The question is if the poor performers of 2010 can put some dollars in our pocket in 2011. Not all of last year’s duds will recover this year, but out of this top 10, here are my two stock picks from this list you may want in your portfolio this year.

Micron (MU) Technical Stock

A technical stock with some interesting technical indicators. Micron has been battered this year, mainly after their May 2010 acquisition of Numonyx Holdings, but now may be a stock to consider buying at these levels.

Looking at the chart daily chart for 2010, you will see the triangle or wedge pattern consolidating into the year-end. This formation generally leads to a big move either up or down. In this case, the move was higher, and there are two specific reasons why MU could continue climbing. MU not only broke the wedge to the upside (which is bullish), but cleared its 50 and 200 day exponential moving averages. This adds strength to the bull case. Secondly, note the fresh upward cross in the stochastic, which was in the oversold area early last week. This also indicates a start of a bullish trend. Many traders use the 200-day moving average as an indicator of trend; if the stock were above it, you would maintain your long position, if it drops below, sell.

The stock breaking above that large moving average is a good sign and it’s doing so without being in an overbought condition, which leads me to believe some real sturdy support may be here for the stock around the $8.25 and $8.00 level (the 200 day EMA).

Fundamentally, the stock is extremely cheap, trading at 4 times its trailing earnings. The consensus of analysts that follow MU have rate it as a buy, although Citigroup downgraded its earnings estimates last week when the stock was at $7.75 (nice job guys).

2010 was certainly a tough year for their earnings, but I believe that they will get costs under control and continue to grow their sales in the niche market of memory in its many different forms and applications.

Micron Technology Inc. Chart
View larger chart

(By the way, investing doesn’t have to be complicated. Sign up for Smart Investing Daily and let me and my fellow editor Jared Levy simplify the market with our easy-to-understand articles.)

Weyerhaeuser (WY) Homebuilding Products

The number one worst selloff on the list may be a good place to “house” some of your investment dollars in 2011. What the International Business Times and Barron’s didn’t disclose in their headlines about Weyerhaeuser was the one time special dividend of stock and cash that caused the stock to drop by the amount of the dividend, so in reality WY didn’t do that bad at all.

Weyerhaeuser manages over 22 million acres (owns 6.6 million acres) of forest and has recently morphed into a REIT structure.

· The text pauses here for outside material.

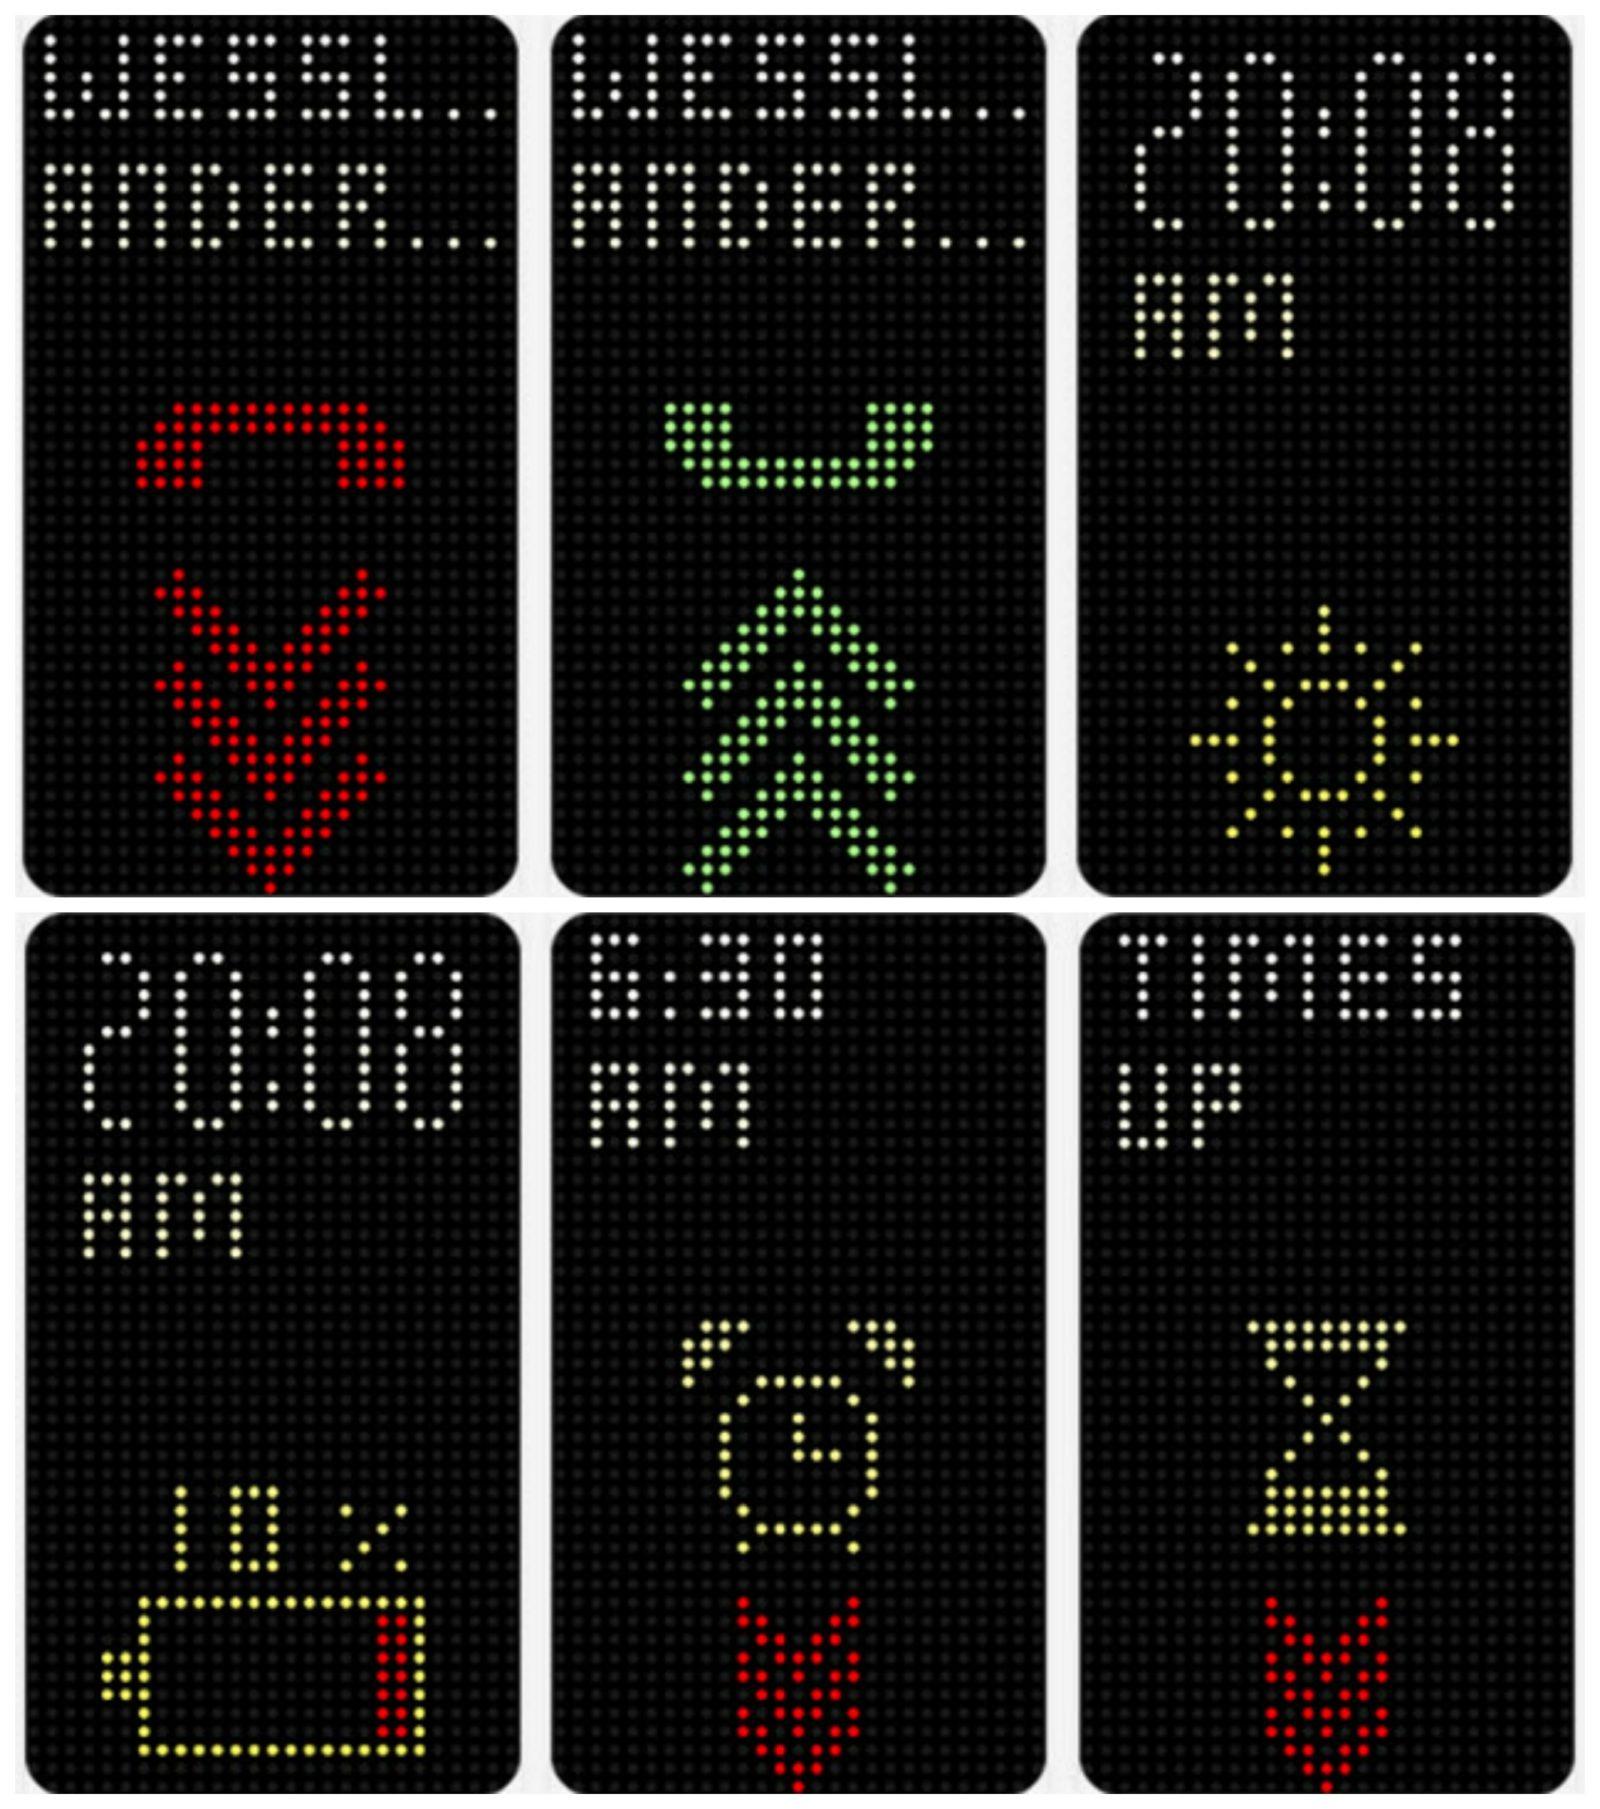 HTC Dot View Collage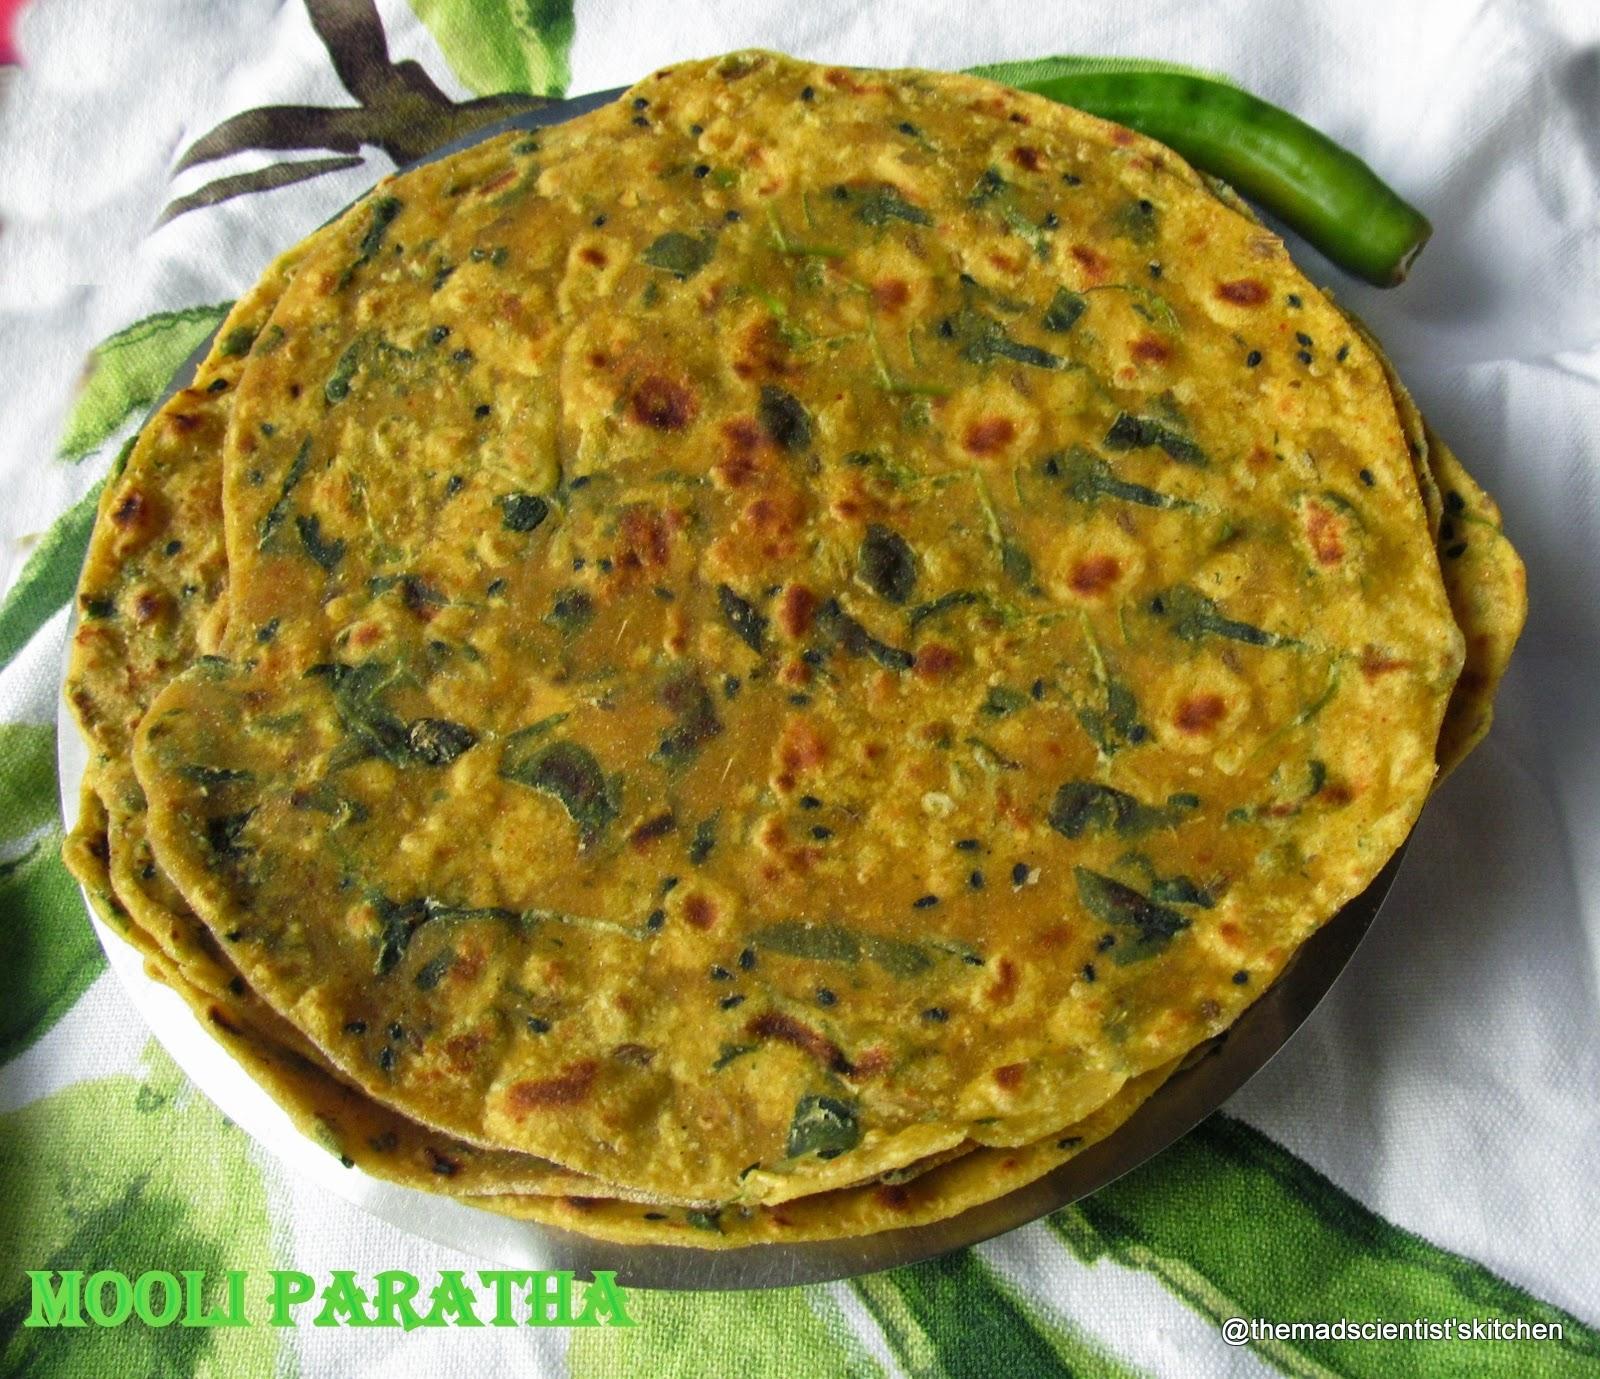 Mooli ke Parathe/ Raddish Paratha Indian Flat Bread

What this means for you as a potential investor is favorable tax treatment and the potential for increased dividend payouts.

The simple way to think about this is that most companies pay taxes on what they earn, and then when they distribute dividends, you (the investor) have to pay taxes on those dividends. In a REIT format, the company distributes 90% of its earnings to the shareholders and drastically reduces the net tax implications for both them and potential investors (they do not have to pay taxes on the distributions).

A REIT is a common structure for many traditional real estate management and/or development companies. It’s a way for a large amount of investors to lump their money together and receive relatively large dividends (if the investments are profitable of course). Check out REIT.com for a list of publicly traded REITs.

WY has been stripping down its business to focus on land ownership and forestry. Their Timberlands segment is their main business, but they also provide real estate, materials, shipping and packaging services and products. Don’t forget that about 80% of its business is tied closely to the housing market, which may continue to struggle, but the dividend story is a nice fallback while we watch the slow recovery.

You must remember that this is a bottom fishing, global story in a sustainable forestry company. There are also investment crossovers into wind, geothermal, mineral rights, biomass and other “green” options with regard to their massive land ownership. Weyerhaeuser may be a place to earn a decent dividend yield (currently about 3.5%) while you wait for more profits to roll in.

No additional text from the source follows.